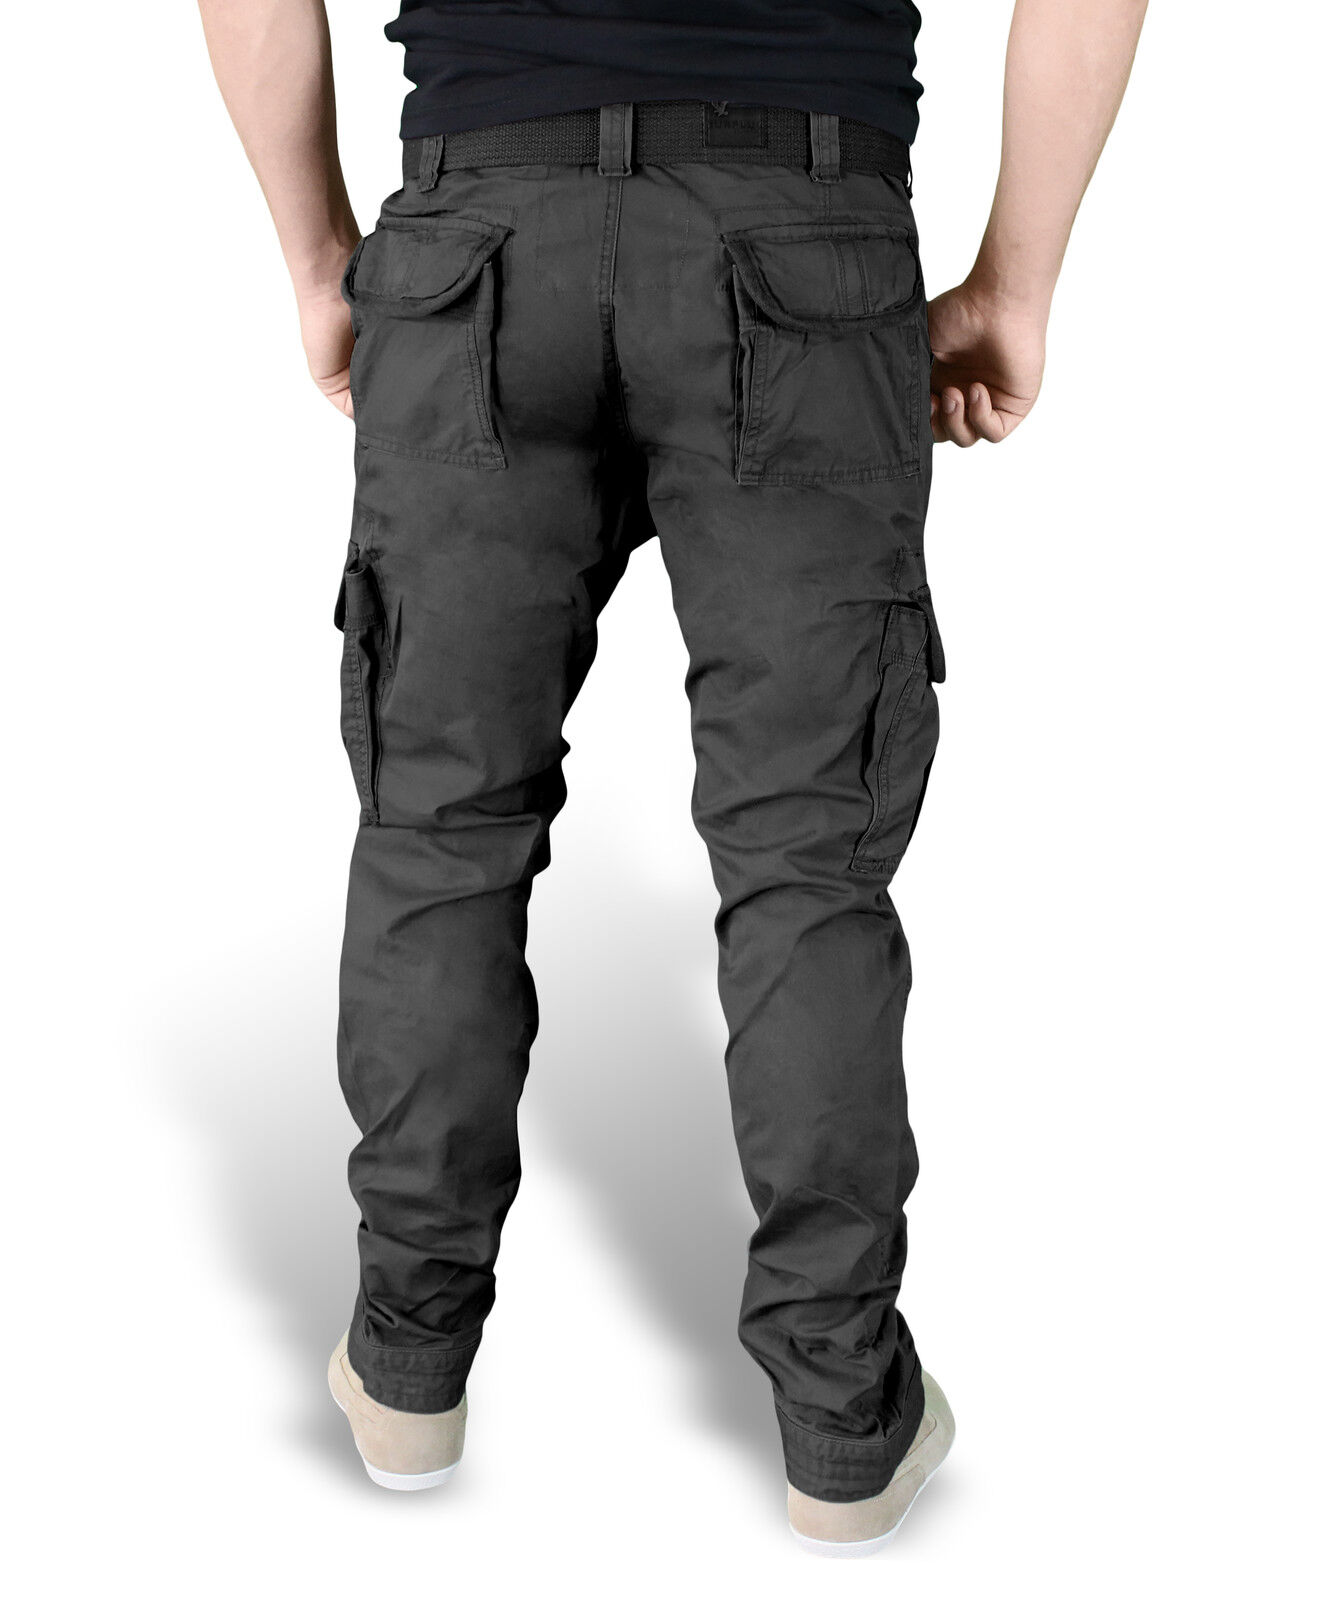 Surplus Herren Premium Slimmy Cargo Hose Trousers Trousers Trousers mit Gürtel camo Army BW 3602 dcc66b
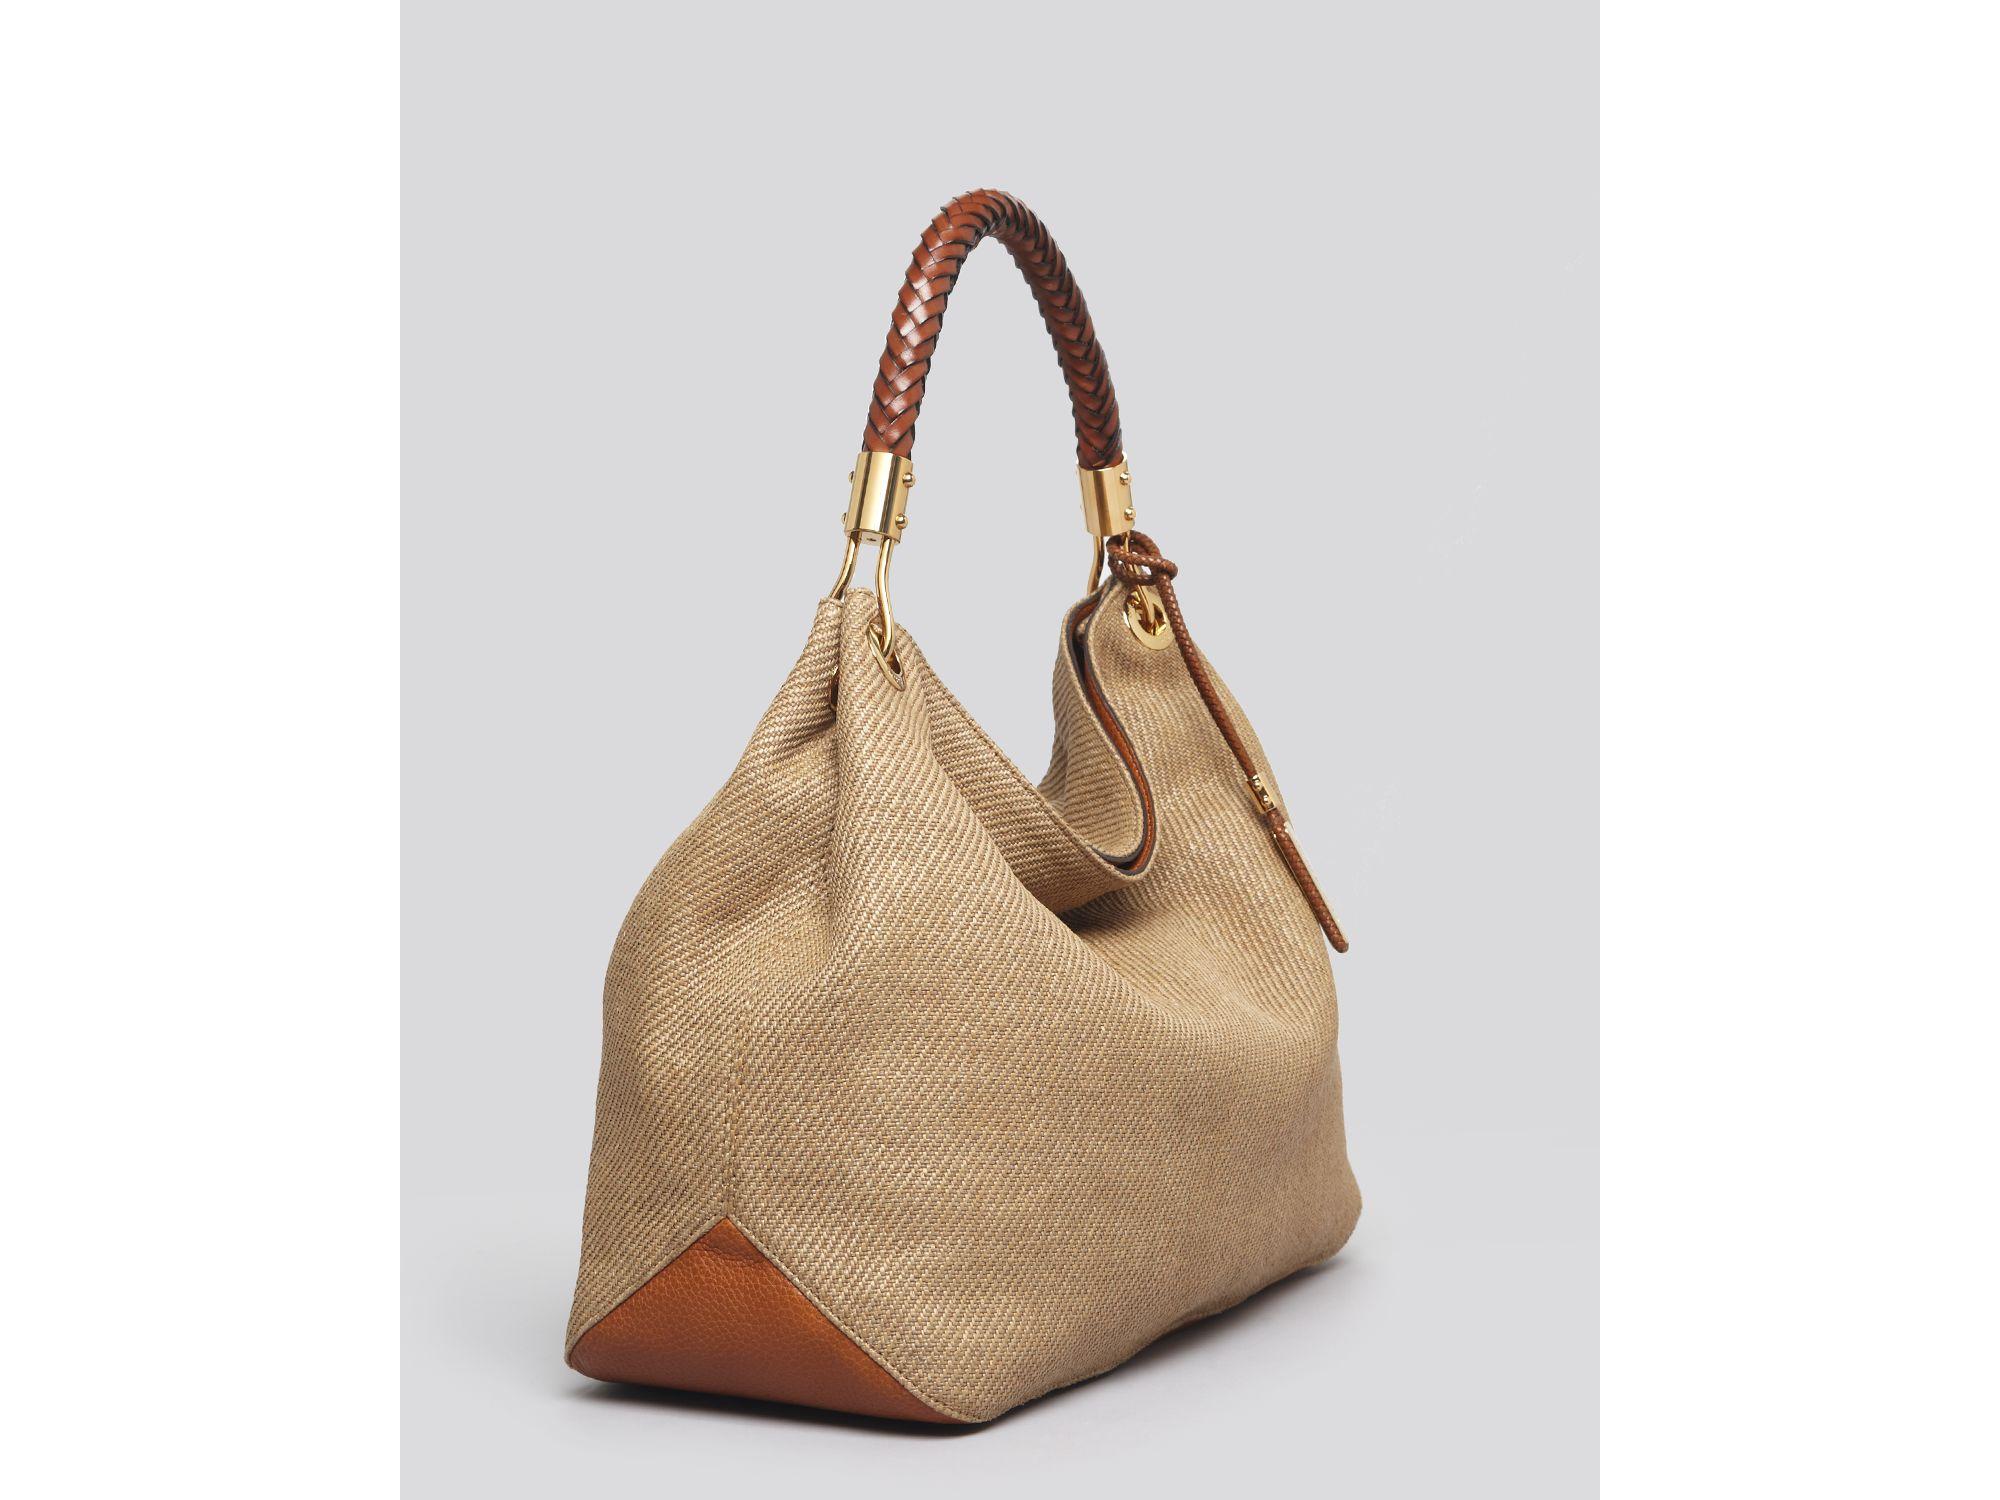 8fc45e483644 Lyst - Michael Kors Large Shoulder Bag Skorpios Woven in Natural
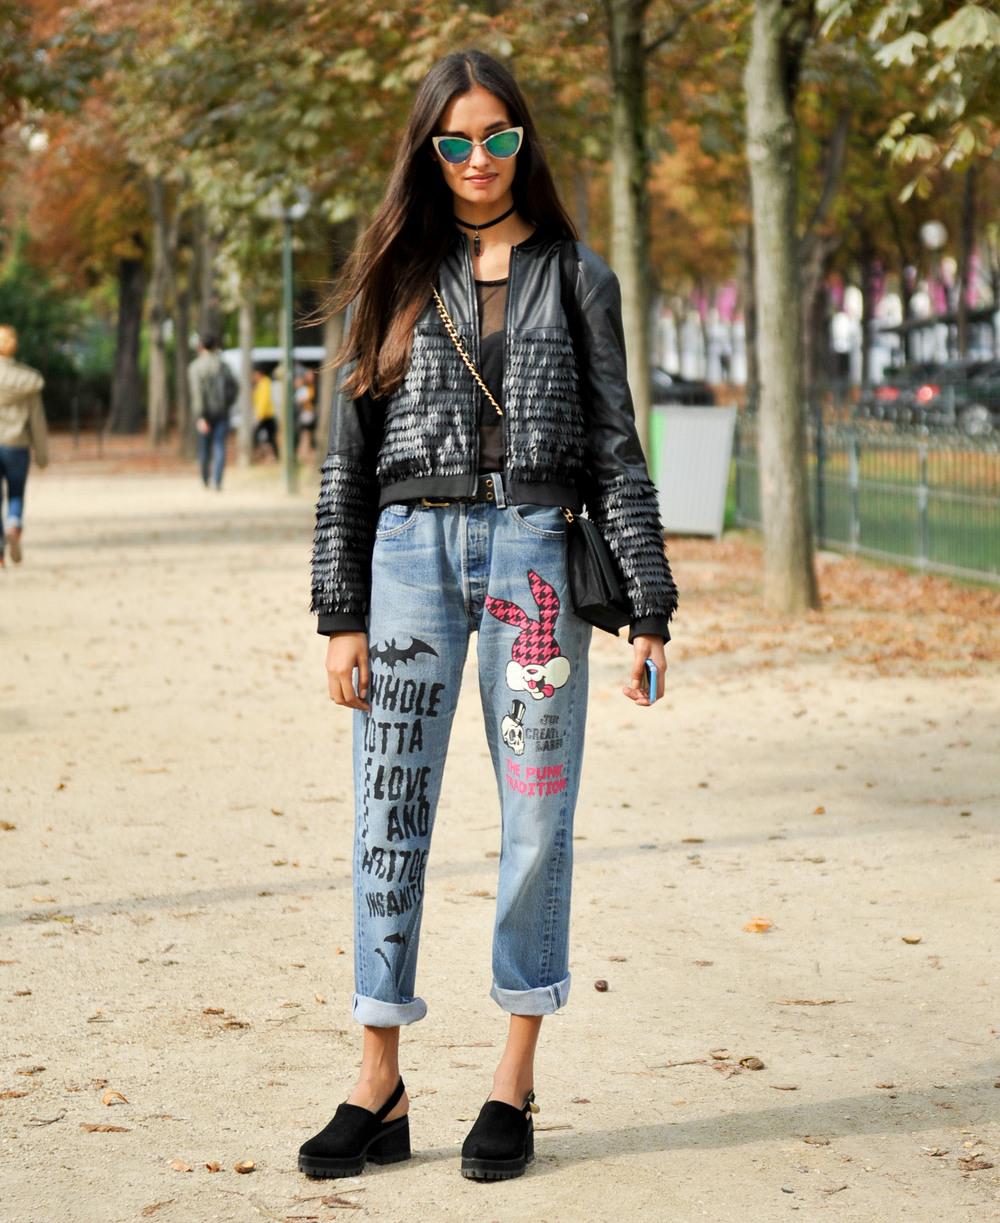 StreetStyle_ParisFashionWeek_LeandroJusten_029.jpg
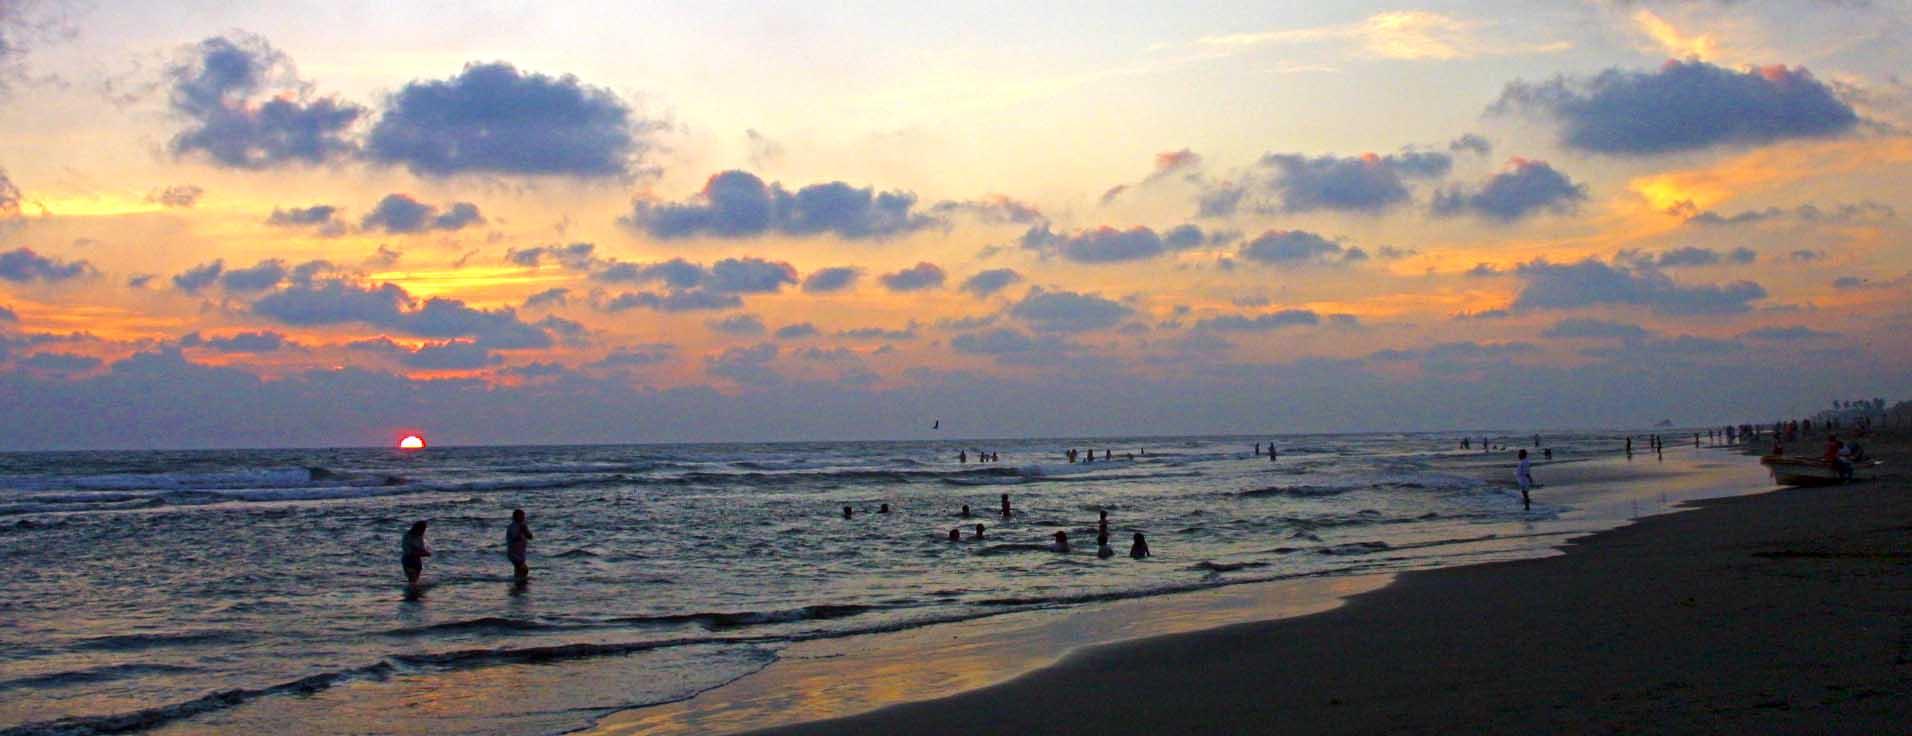 Best Buy Insurance >> Playa Azul, Michoacan, Mexico – Mexico News

→ **What needs to be done**
Give the listing again, exactly as it appears, but without its images.

→ **Written reply**
 Surplus Herren Premium Slimmy Cargo Hose Trousers Trousers Trousers mit Gürtel camo Army BW 3602 dcc66b
 8fc45e483644 Lyst - Michael Kors Large Shoulder Bag Skorpios Woven in Natural
 StreetStyle_ParisFashionWeek_LeandroJusten_029.jpg
 Best Buy Insurance >> Playa Azul, Michoacan, Mexico – Mexico News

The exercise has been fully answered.